Exercise details
Please transcribe the listing that follows exactly; images are to be excluded.

Provided material
---
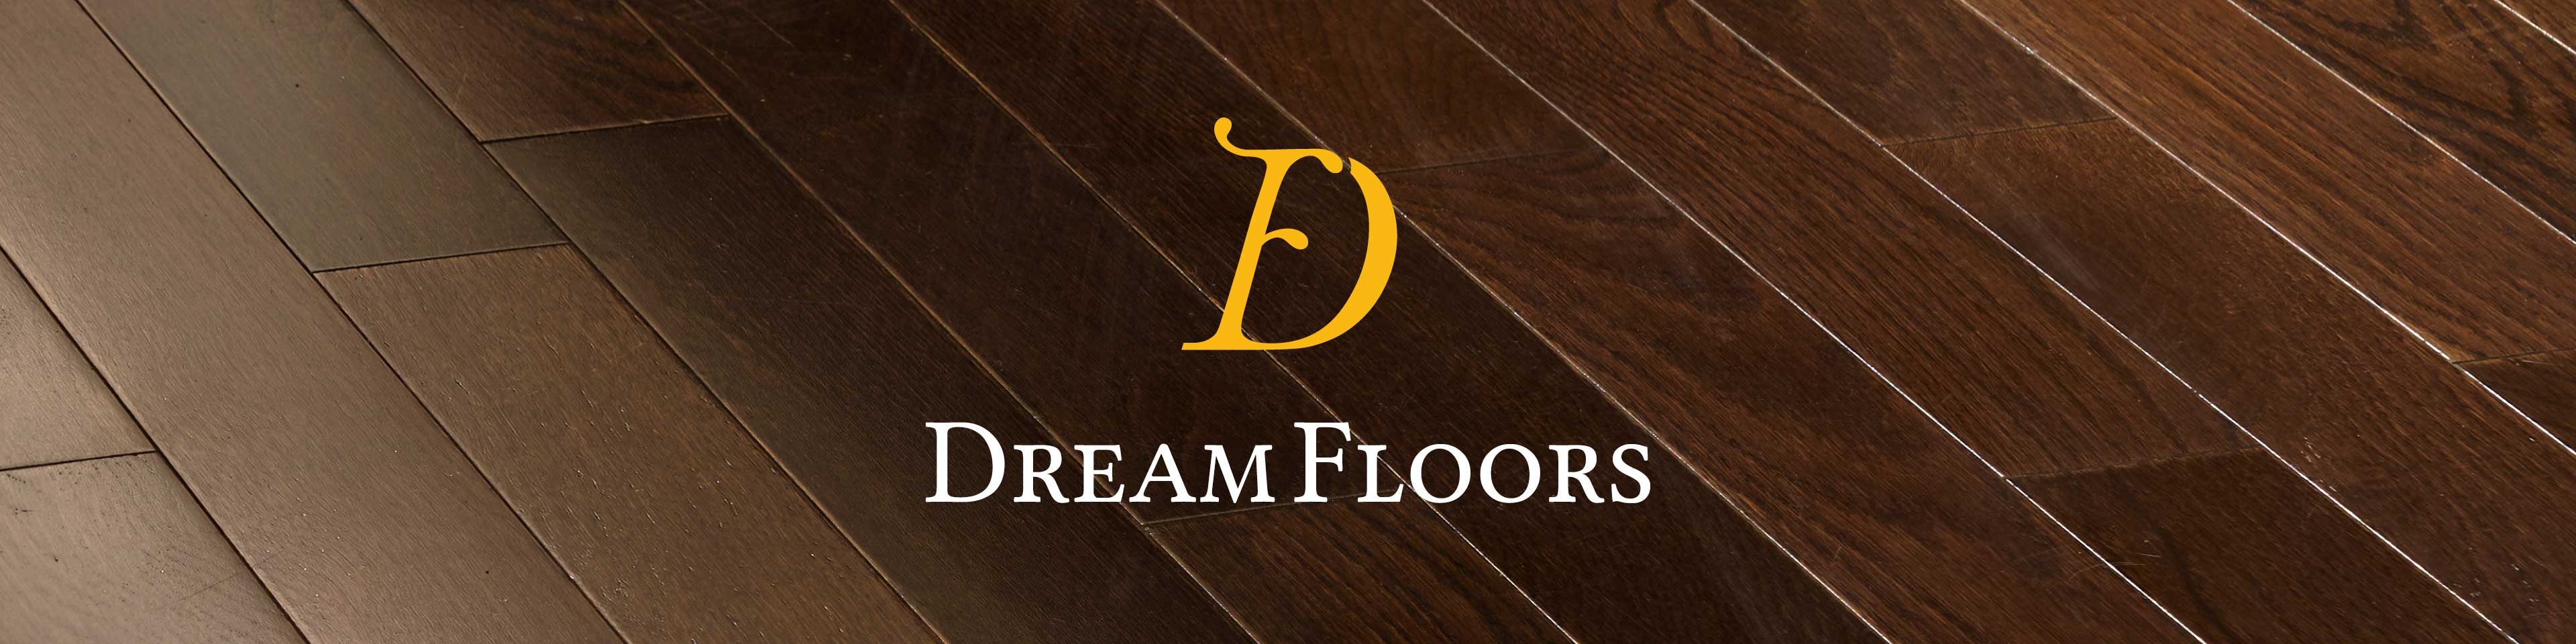 The Dream Floors logo
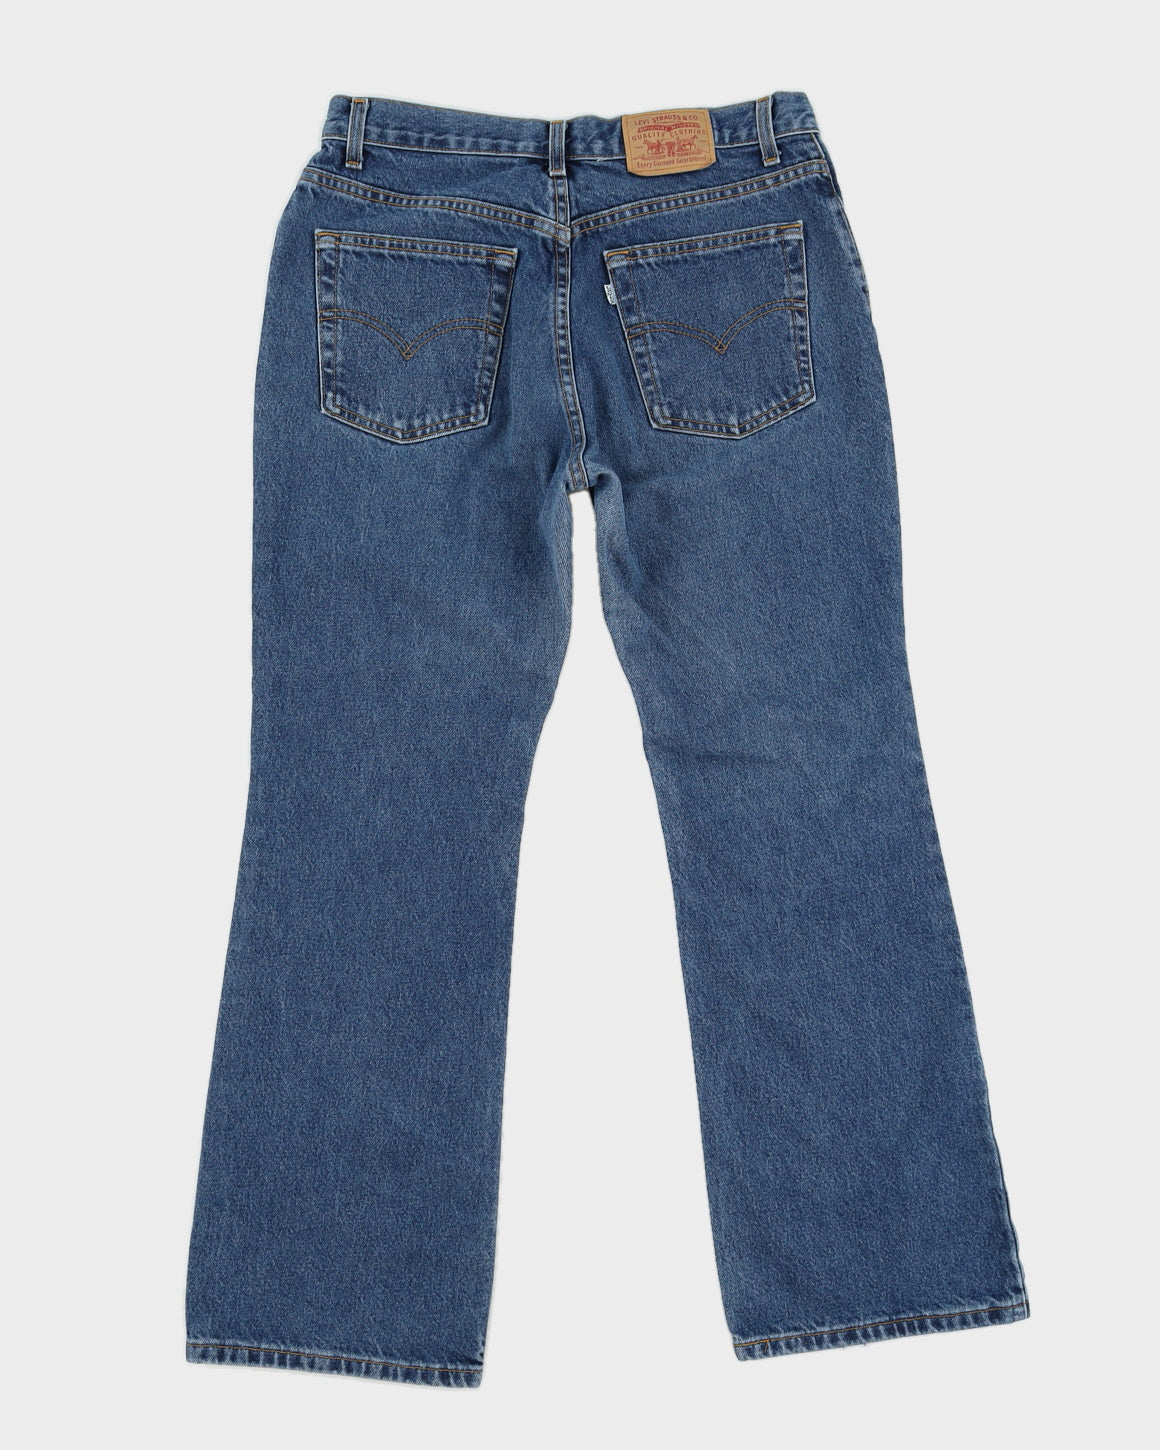 Vintage 80s Levi's White Tab Blue Jeans - W32 L30
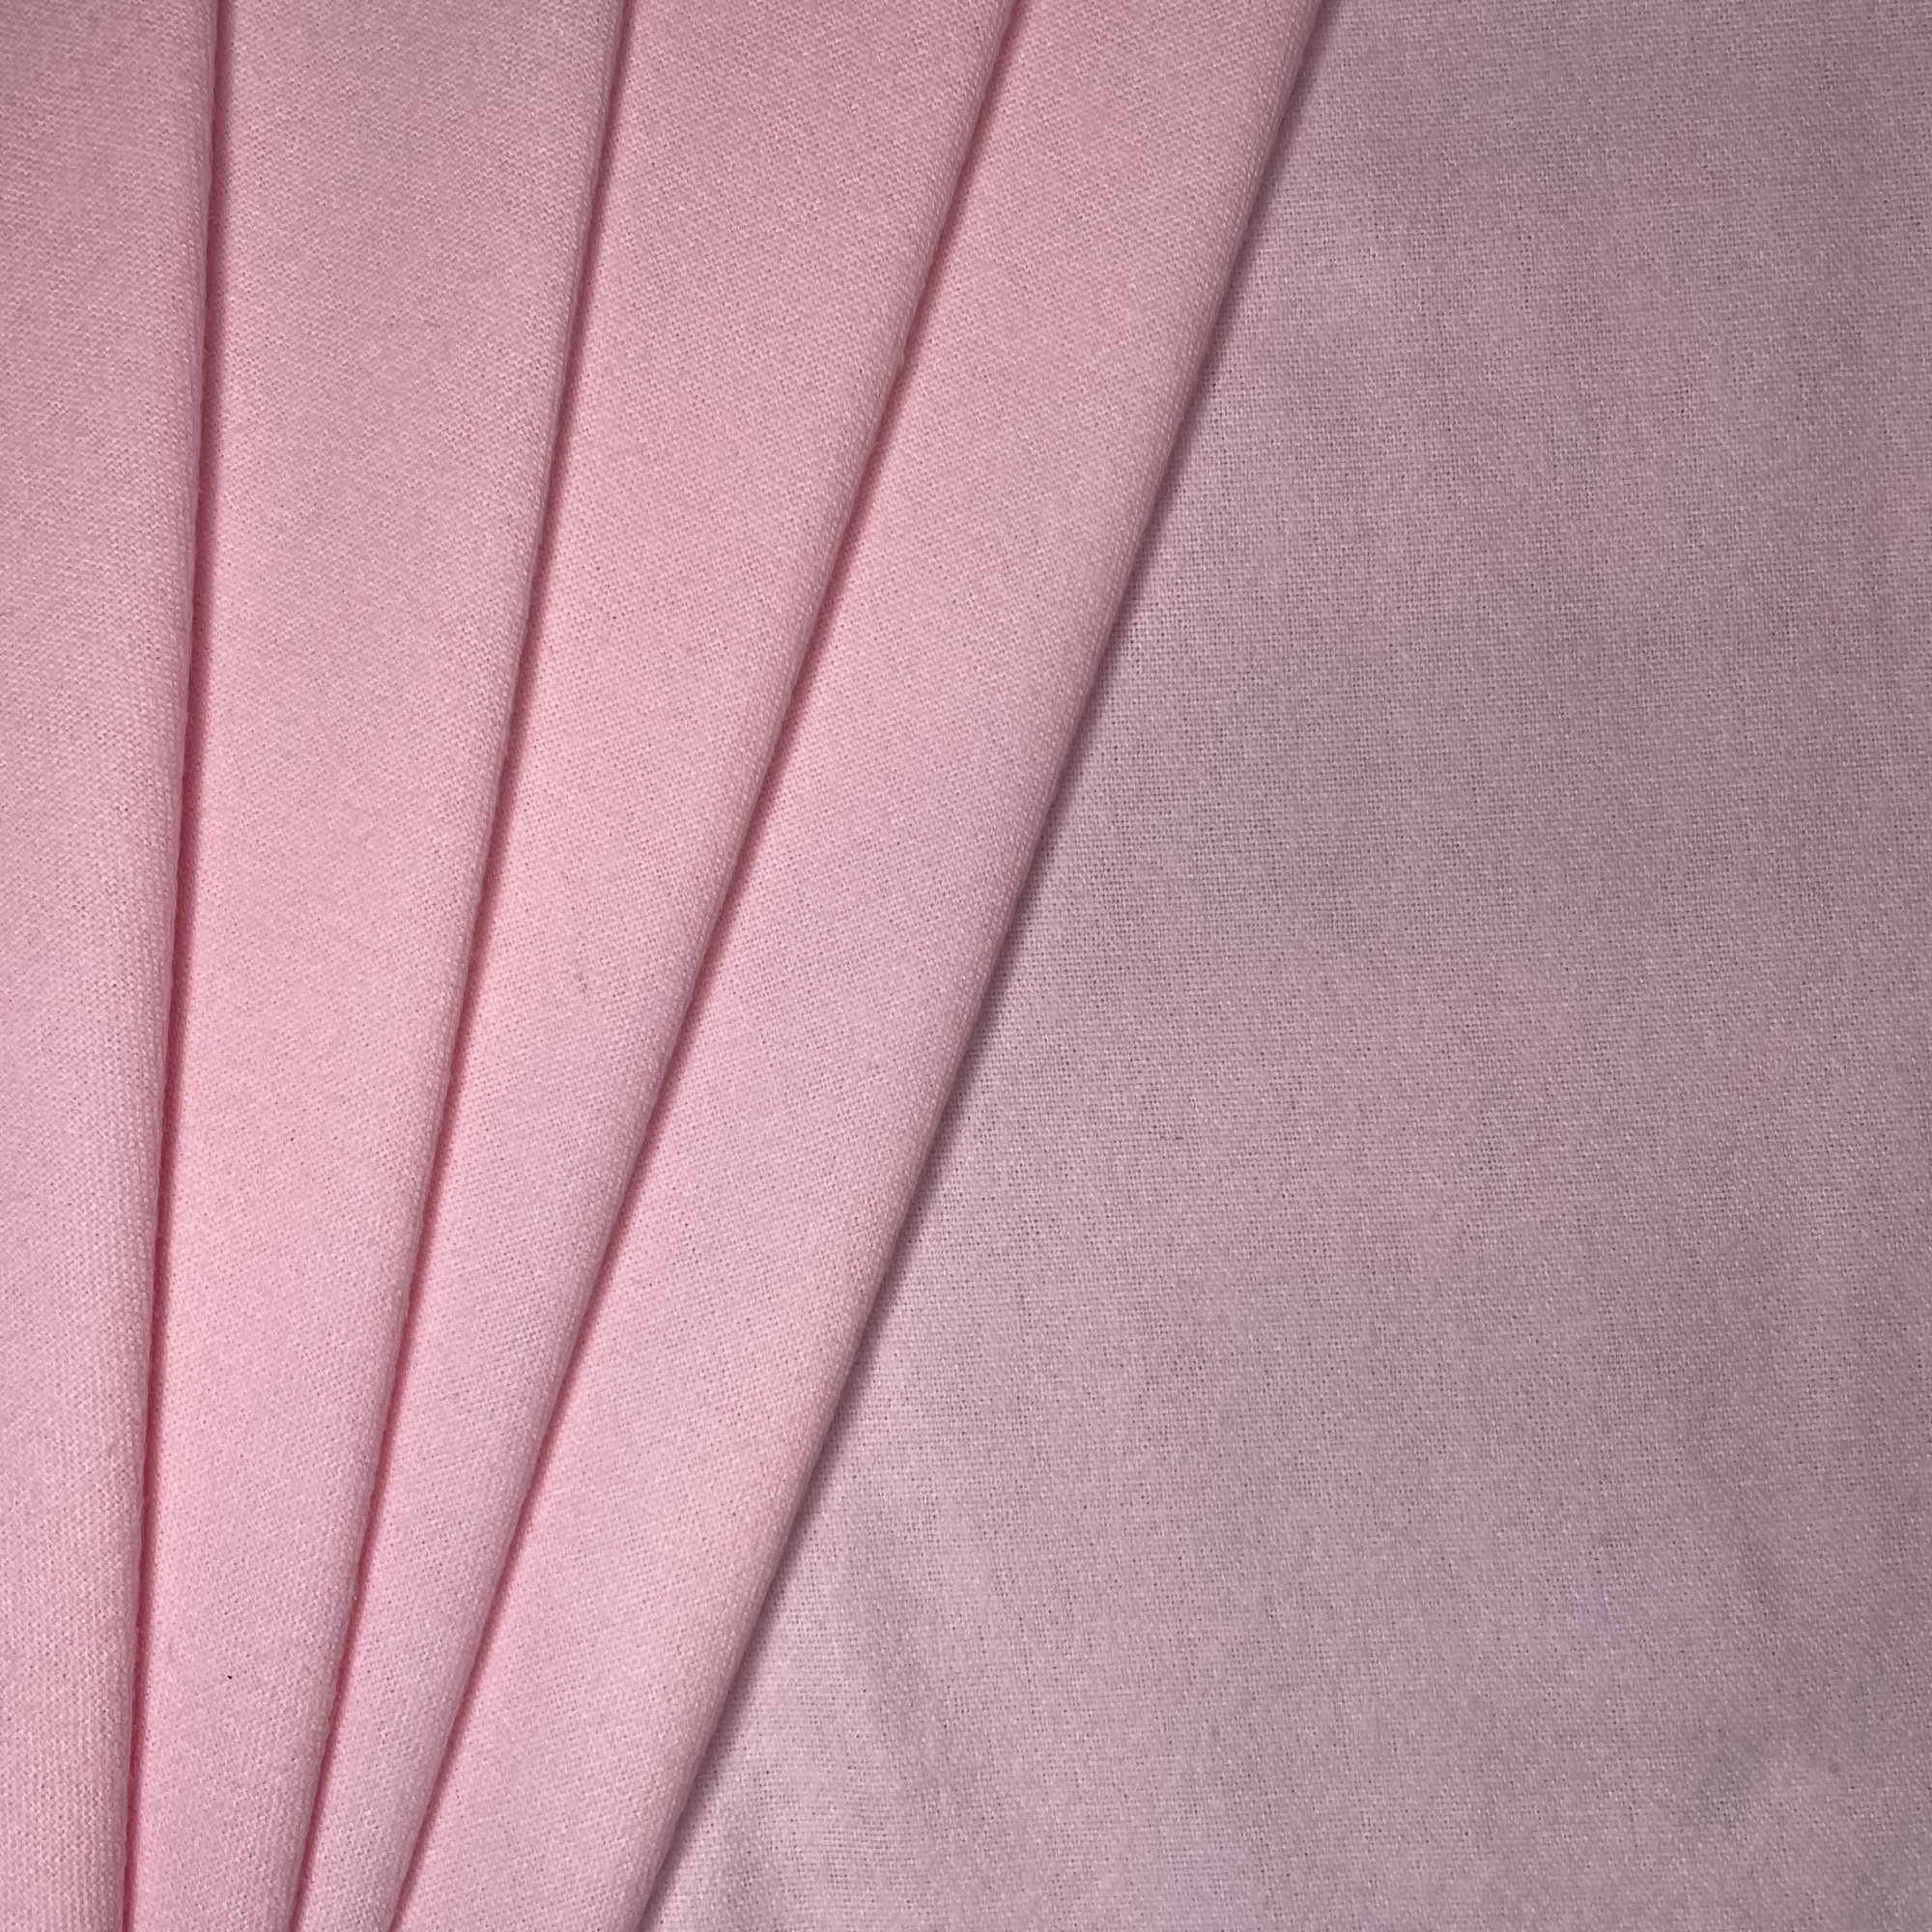 Фланель ш 90 см г/к розовая - купить в магазине "А-Текстиль"
---
Task output
 The Dream Floors logo
 Vintage 80s Levi's White Tab Blue Jeans - W32 L30
 Фланель ш 90 см г/к розовая - купить в магазине "А-Текстиль"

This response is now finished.